On an organizational level, I hope that the stressors which lead to the experiences of minority stress would be a call to action for our founders, HRs & DEIB folks to see whether any policies or laws in the organization contribute to minority stress for ANY marginalized communities, for that matter. And then, if any policies do contribute in such a negative way, strike them off.
How can we become Better Allies?
We collectively need to change how we respond to stuttering. It is not at all okay to deride, humiliate, or question our friends who stutter, especially with an ulterior motive. Even humour that uses statements such as “Did you just stutter?” or in virtual set-ups, "Your voice is breaking / irritating / disturbing" to infer a supposed disclarity in the speaker’s speech is an example of derogatory humour. We need to dissociate from such insensitive comedy. We, as a society, need to create an environment that is conducive for ALL of us, not some of us.

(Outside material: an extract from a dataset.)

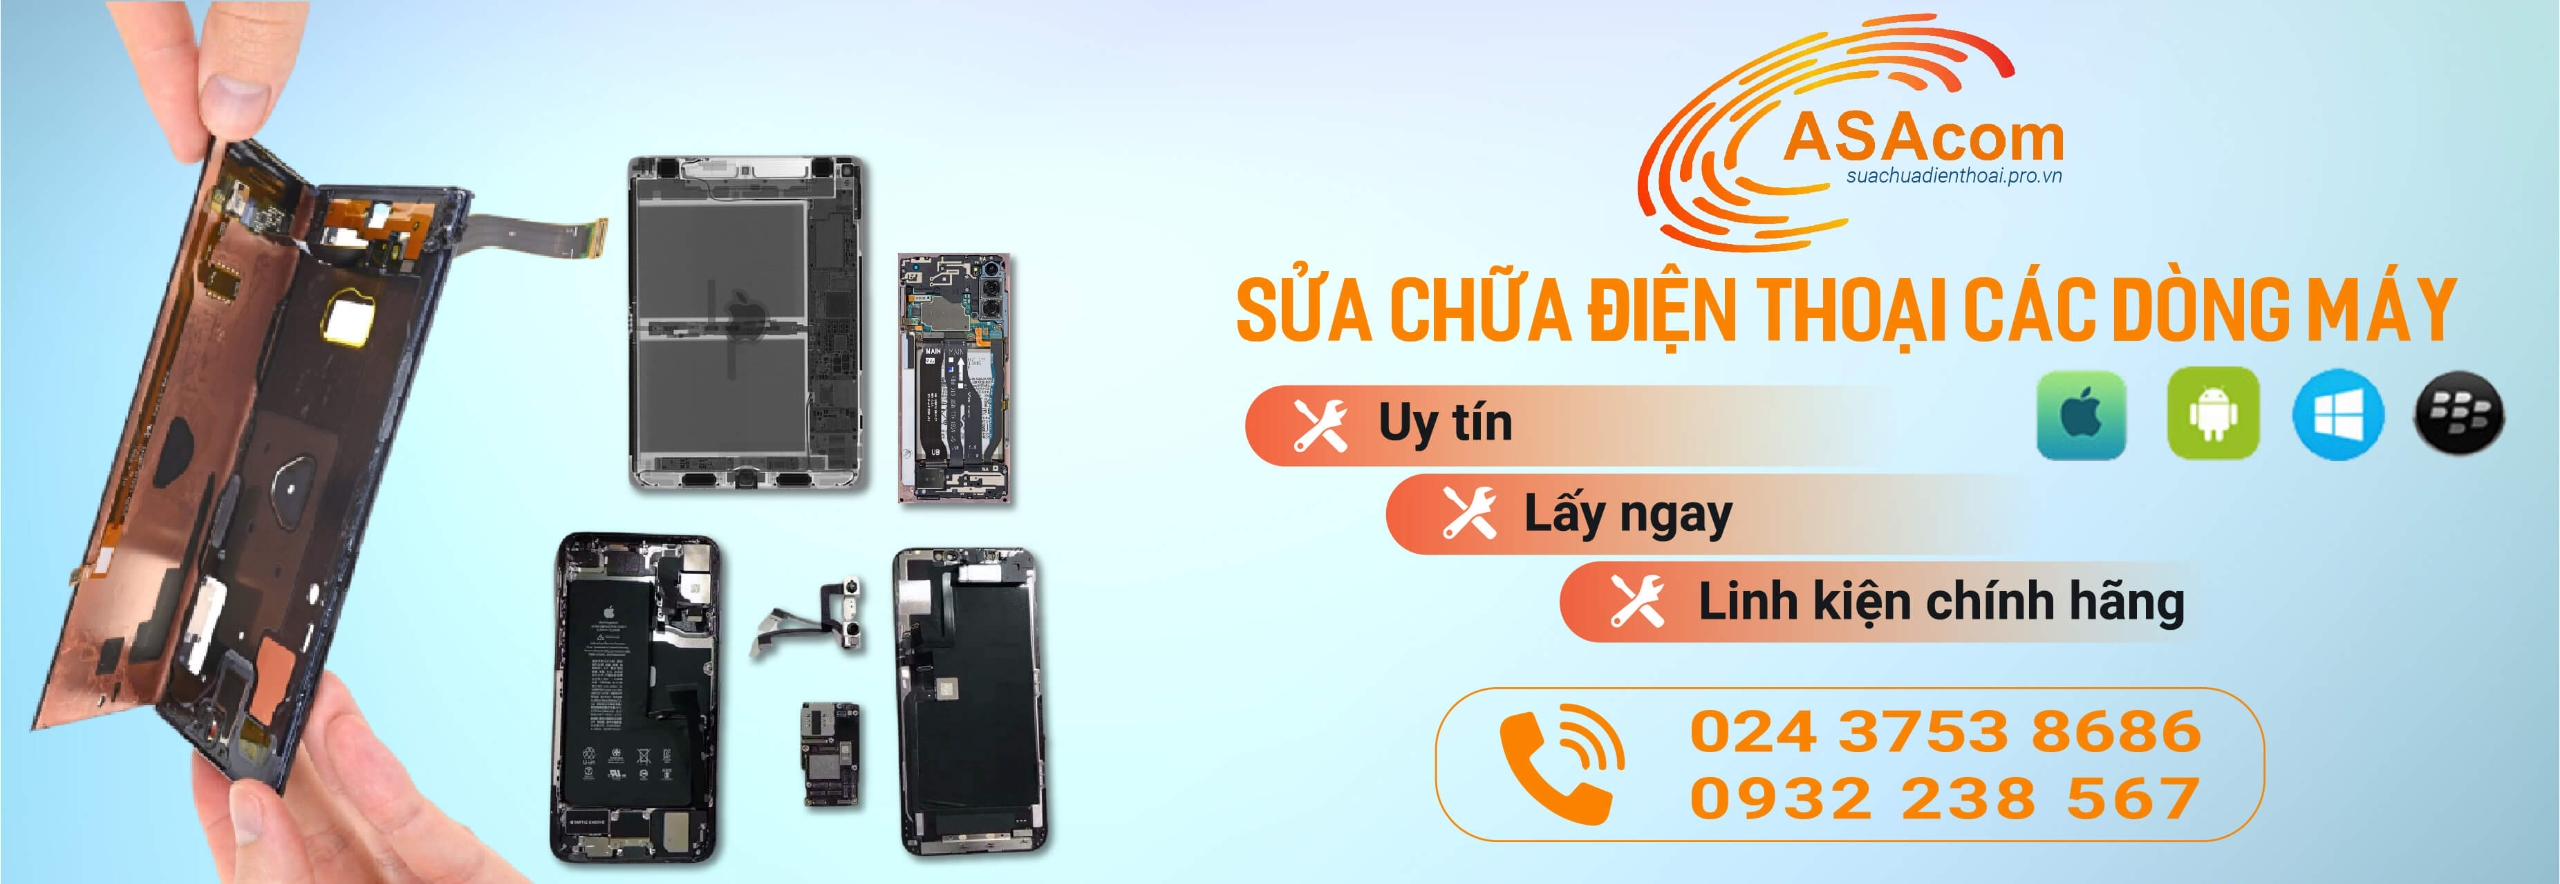 Sửa Iphone (@suaiphone125) Cover Image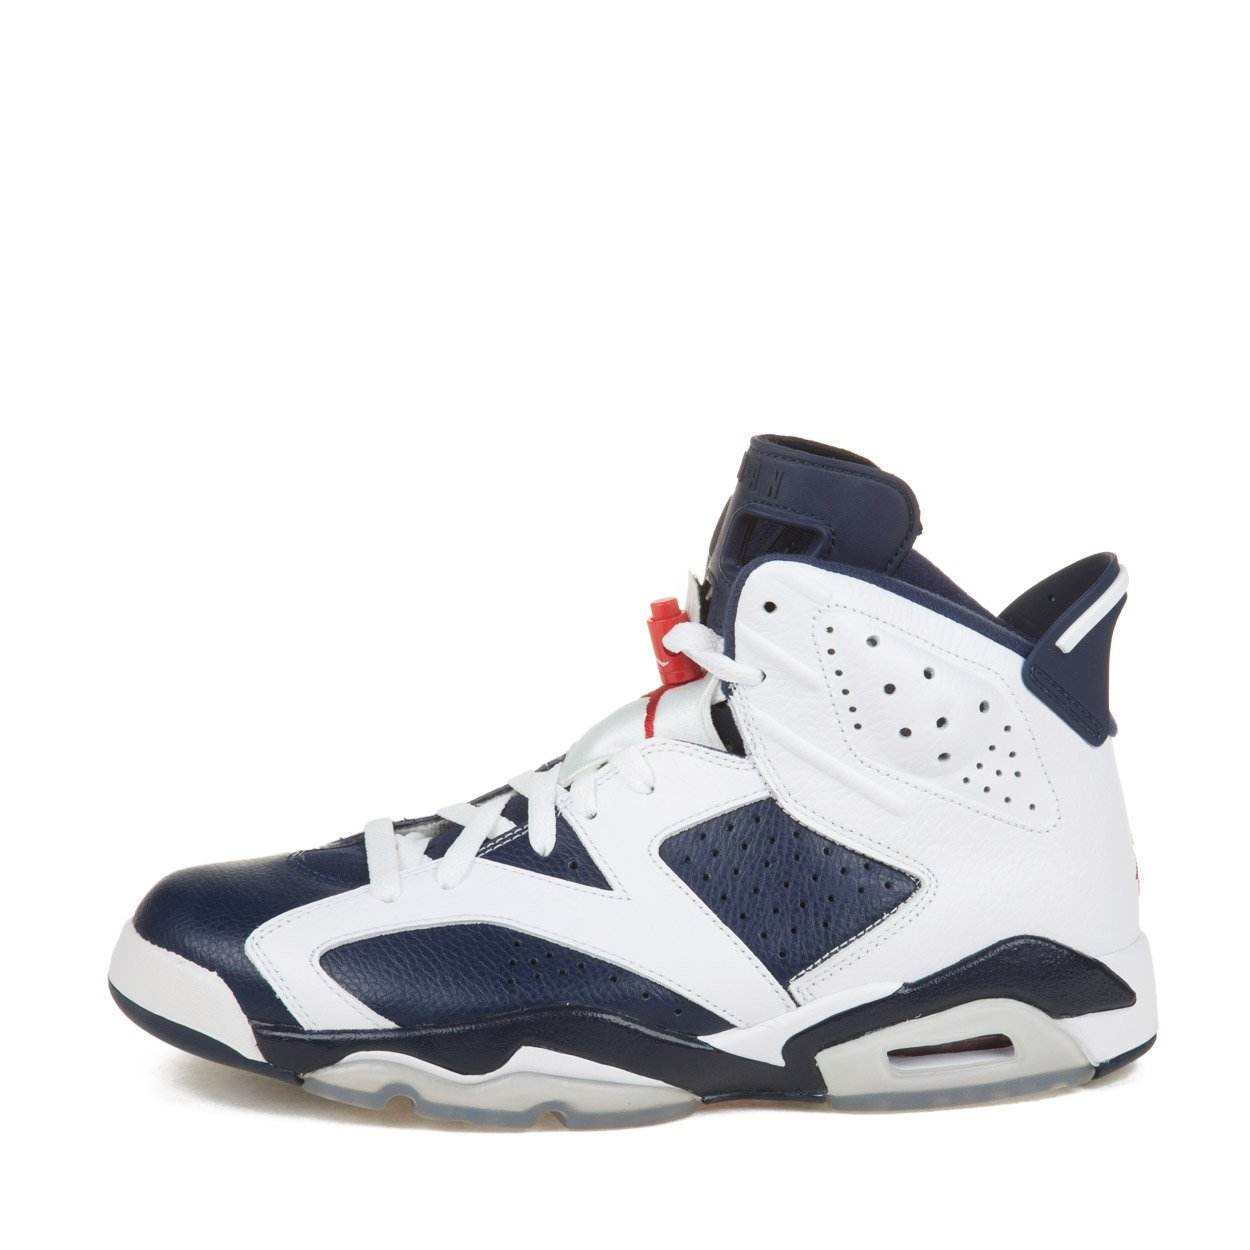 44e2e0d3b4ac Galleon - Nike Mens Air Jordan 6 Retro

Once we start including stuttering sensitization into DEIB policies, we need to do it right i.e. stop misrepresenting people who stutter, for the sake of superficial art and capitalist propaganda about inclusivity.
DO:
DON'T:
I hope for a world where transfluent voices are more dignified.That is my hope, and that is my dream.
With this hope, I recently shared my views at StutterFEST’22 organized by the World Stuttering Network.
The network would like me to serve as Board Member to dignify transfluent voices in women. I am filled with humility & invigorated with hope to take tangible actions towards my dream with the power of this incredible network.
I invite you to reflect on - When is the right time to lay down stuttering sensitization policies? They say, the best time was yesterday and the next best time is today. So, are we ready?